At the time of the accident Martinez was engaged in inspecting and measuring classrooms in order to ascertain the extent of any asbestos damage in preparation for subsequent asbestos removal which, if required, was to be conducted by another entity.   Martinez's inspection job, therefore, was clearly not integral to the job of removing asbestos.   In view of the strict liability imposed by Labor Law § 240(1), “the statutory language must not be strained in order to encompass what the Legislature did not intend to include” (Karaktin v. Gordon Hillside Corp., 143 A.D.2d 637, 638, 532 N.Y.S.2d 891).   Because his job was only to inspect, an activity not specifically enumerated in Labor Law § 240(1), Martinez is not entitled to protection under the statute (see, Lundquist v. Ditmas Realty Co., 230 A.D.2d 830, 646 N.Y.S.2d 827;  see also, Karaktin v. Gordon Hillside Corp., supra;  Greenwood v. Shearson, Lehman & Hutton, 238 A.D.2d 311, 656 N.Y.S.2d 295).

Because I believe that the plaintiff Walfredo Martinez was engaged in activity protected under Labor Law § 240(1), I respectfully dissent.
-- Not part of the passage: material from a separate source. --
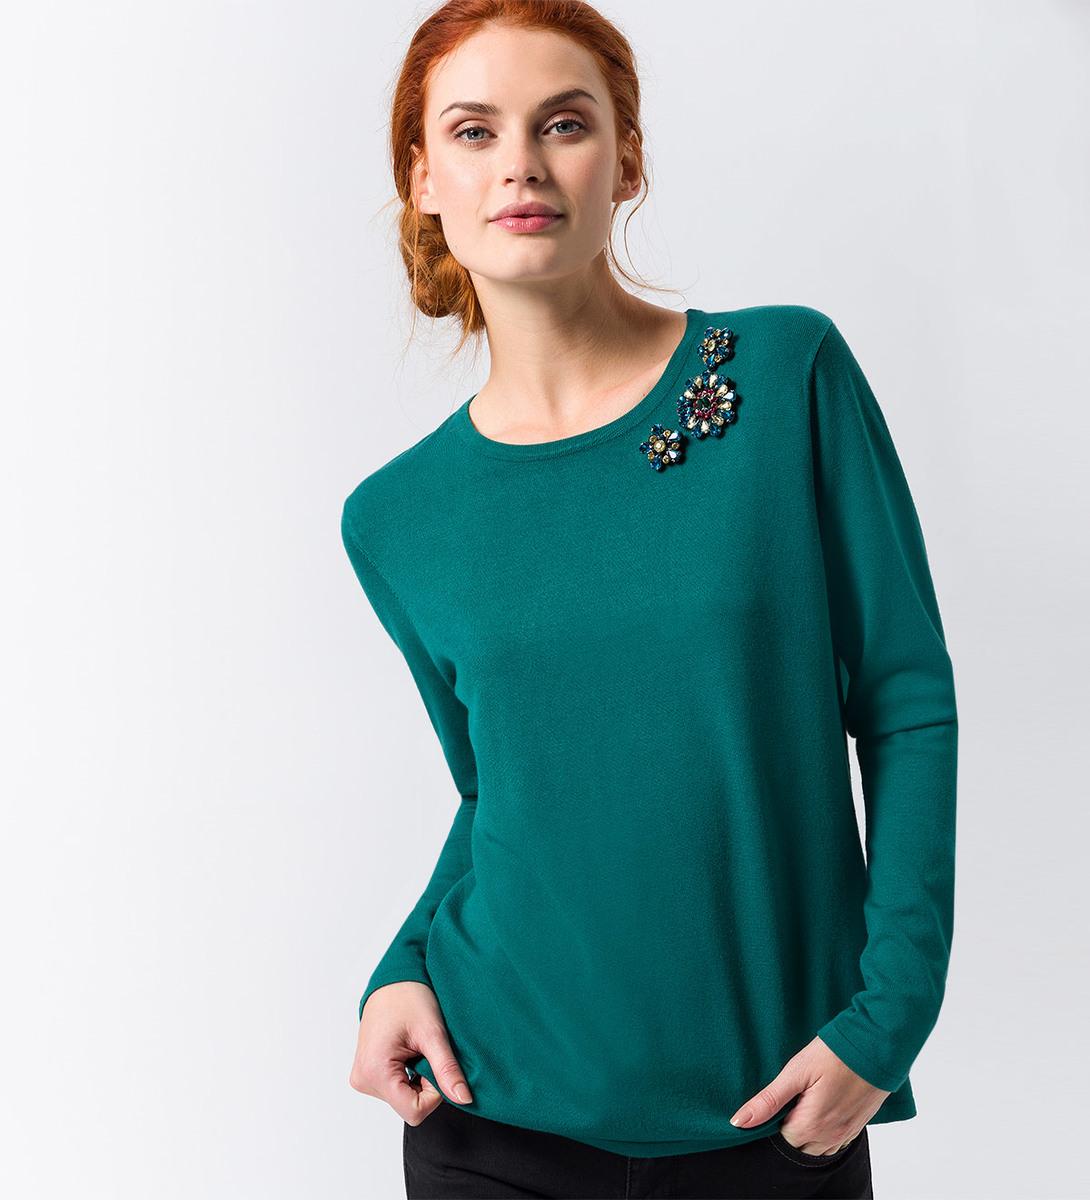 Pullover mit Glitzerbroschen in deep ivy

The New York City School Construction Authority (hereinafter NYCSCA) undertook “Operation Clean House”, a project to remove asbestos from the New York City public schools.   As an integral part of the project, and as a necessary prerequisite to the actual removal, NYCSCA hired the defendant third-party plaintiff Kaselaan & D'Angelo Associates, Inc., inter alia, to locate, identify, and catalog the quantity, condition, and accessibility of all asbestos, and to mark it for removal.   The actual removal of the asbestos was to be accomplished by another contractor.   At the time in question, Martinez worked as an environmental inspector, checking to see if asbestos samples had previously been taken, to check the areas marked as containing asbestos, and to take measurements of the areas where asbestos was found.   He fell while attempting to measure a portion of a pipe that was approximately eight to ten feet off the ground.

Labor Law § 240(1) requires various precautions be undertaken to protect workers from elevation-related hazards during the “erection, demolition, repairing, altering, painting, cleaning or pointing of a building or structure” (Labor Law § 240[1];  see also, Ross v. Curtis-Palmer Hydro-Elec. Co., 81 N.Y.2d 494, 601 N.Y.S.2d 49, 618 N.E.2d 82).   Here, Martinez was engaged in an activity that was an integral and necessary part of a project that was within the purview of the statute (see, Martin v. Back O'Beyond, 198 A.D.2d 479, 604 N.Y.S.2d 205;  Iannelli v. Olympia & York Battery Park Co., 190 A.D.2d 775, 593 N.Y.S.2d 553;  Mosher v. St. Joseph's Villa, 184 A.D.2d 1000, 584 N.Y.S.2d 678;  Cox v. LaBarge Bros. Co., 154 A.D.2d 947, 547 N.Y.S.2d 167).   Thus, Labor Law § 240(1) is applicable (see, e.g., Nowacki v. Metropolitan Life Ins. Co., 242 A.D.2d 265, 661 N.Y.S.2d 536;   Ortega v. Catamount Constr. Corp., 226 A.D.2d 154, 640 N.Y.S.2d 99;  Klapa v. O & Y Liberty Plaza Co., 218 A.D.2d 635, 631 N.Y.S.2d 21).   The cases cited by the majority concern, inter alia, inspections and routine maintenance in non-construction, non-renovation contexts and are, therefore, distinguishable (see, e.g., Greenwood v. Shearson, Lehman & Hutton, 238 A.D.2d 311, 656 N.Y.S.2d 295;  Lundquist v. Ditmas Realty Co., 230 A.D.2d 830, 646 N.Y.S.2d 827).